The task » Find the line with "White - Hbdepot" in the entries below, then output every line from it down to the line with "5 Important Love", exactly and with no pictures.

Given data »
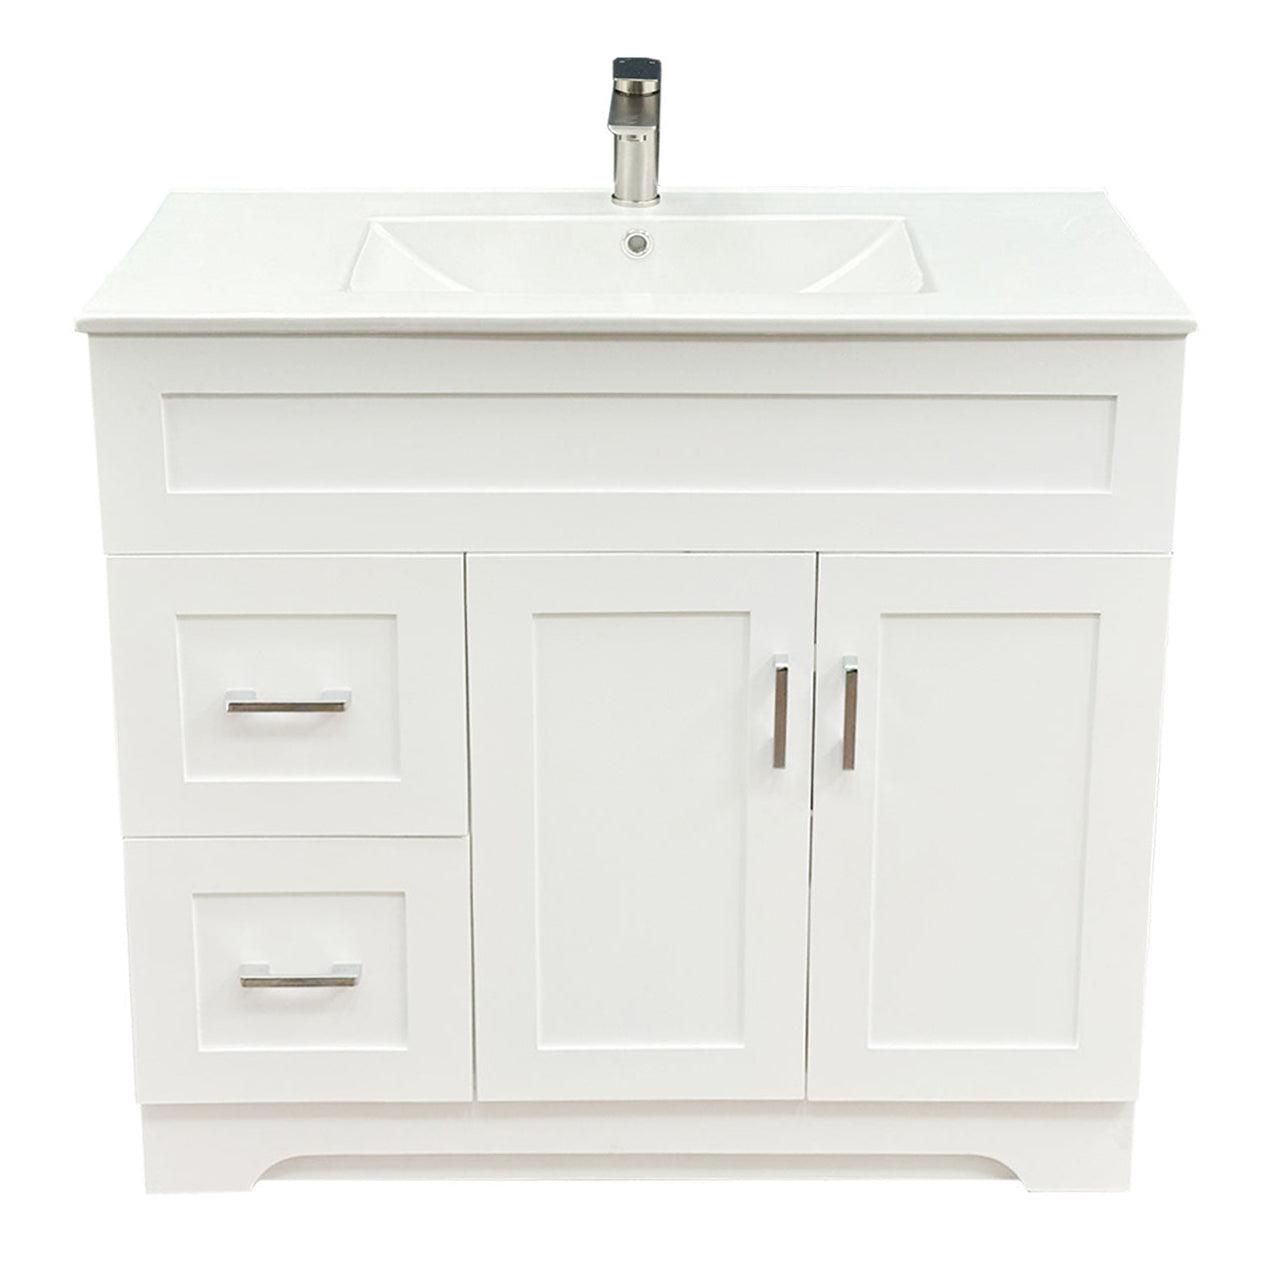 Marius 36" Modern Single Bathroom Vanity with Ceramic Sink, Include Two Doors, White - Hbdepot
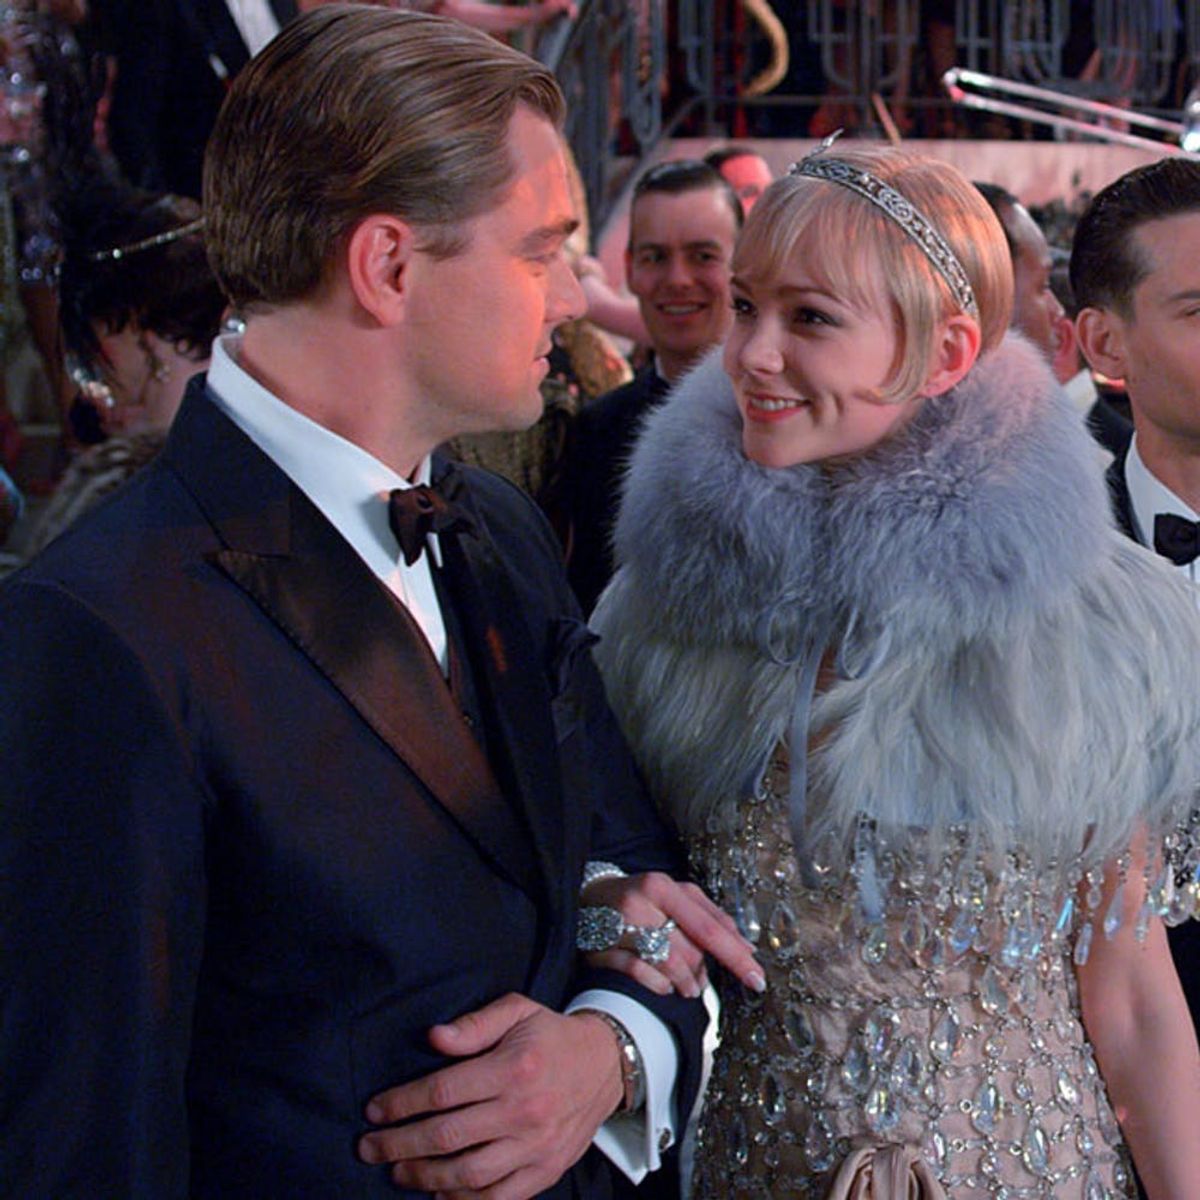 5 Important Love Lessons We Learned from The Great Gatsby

==

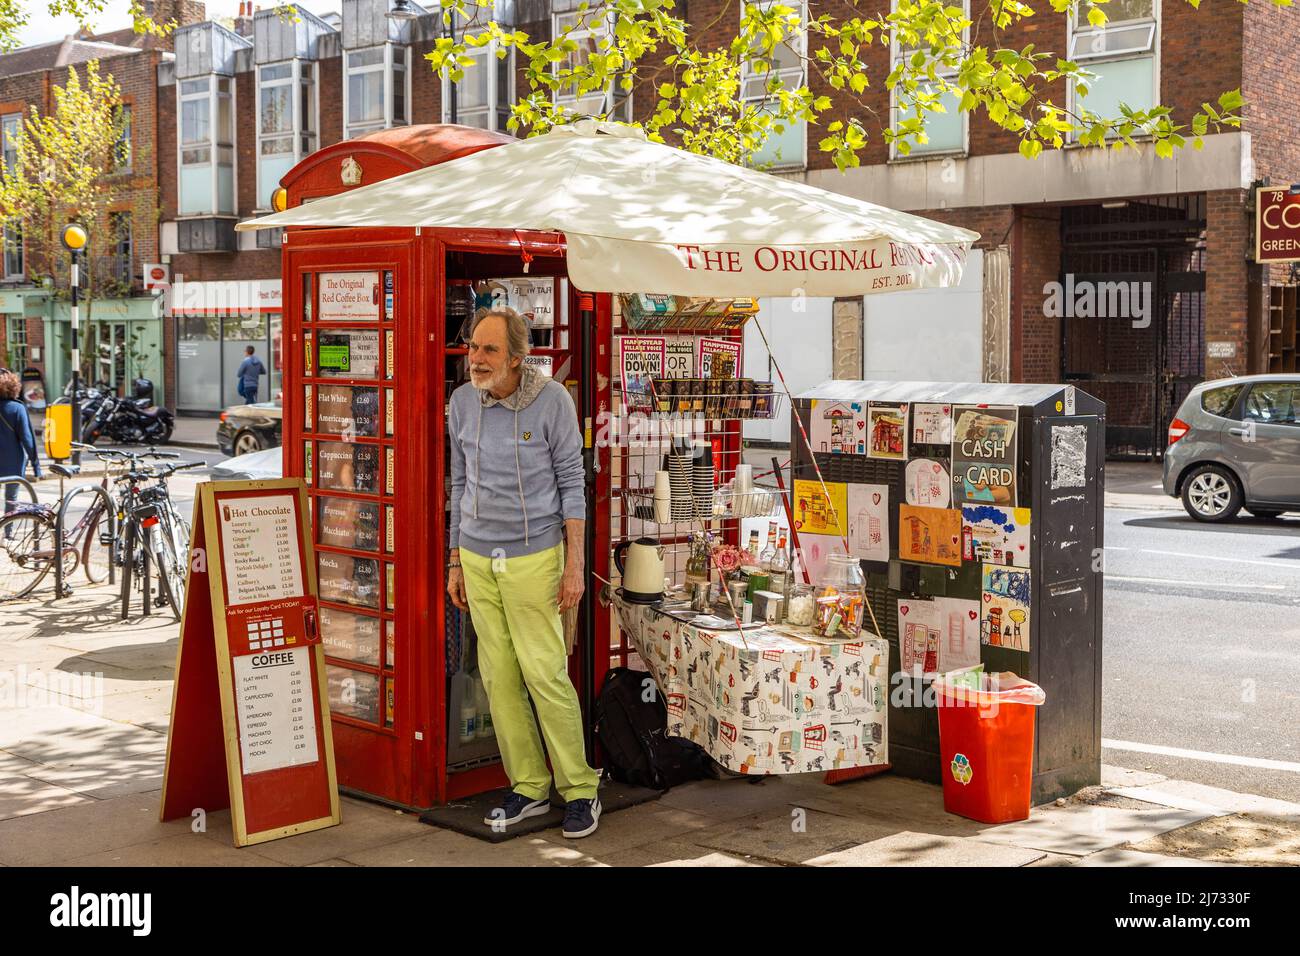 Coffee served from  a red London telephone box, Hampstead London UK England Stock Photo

Answer to the exercise »
 Marius 36" Modern Single Bathroom Vanity with Ceramic Sink, Include Two Doors, White - Hbdepot
 5 Important Love Lessons We Learned from The Great Gatsby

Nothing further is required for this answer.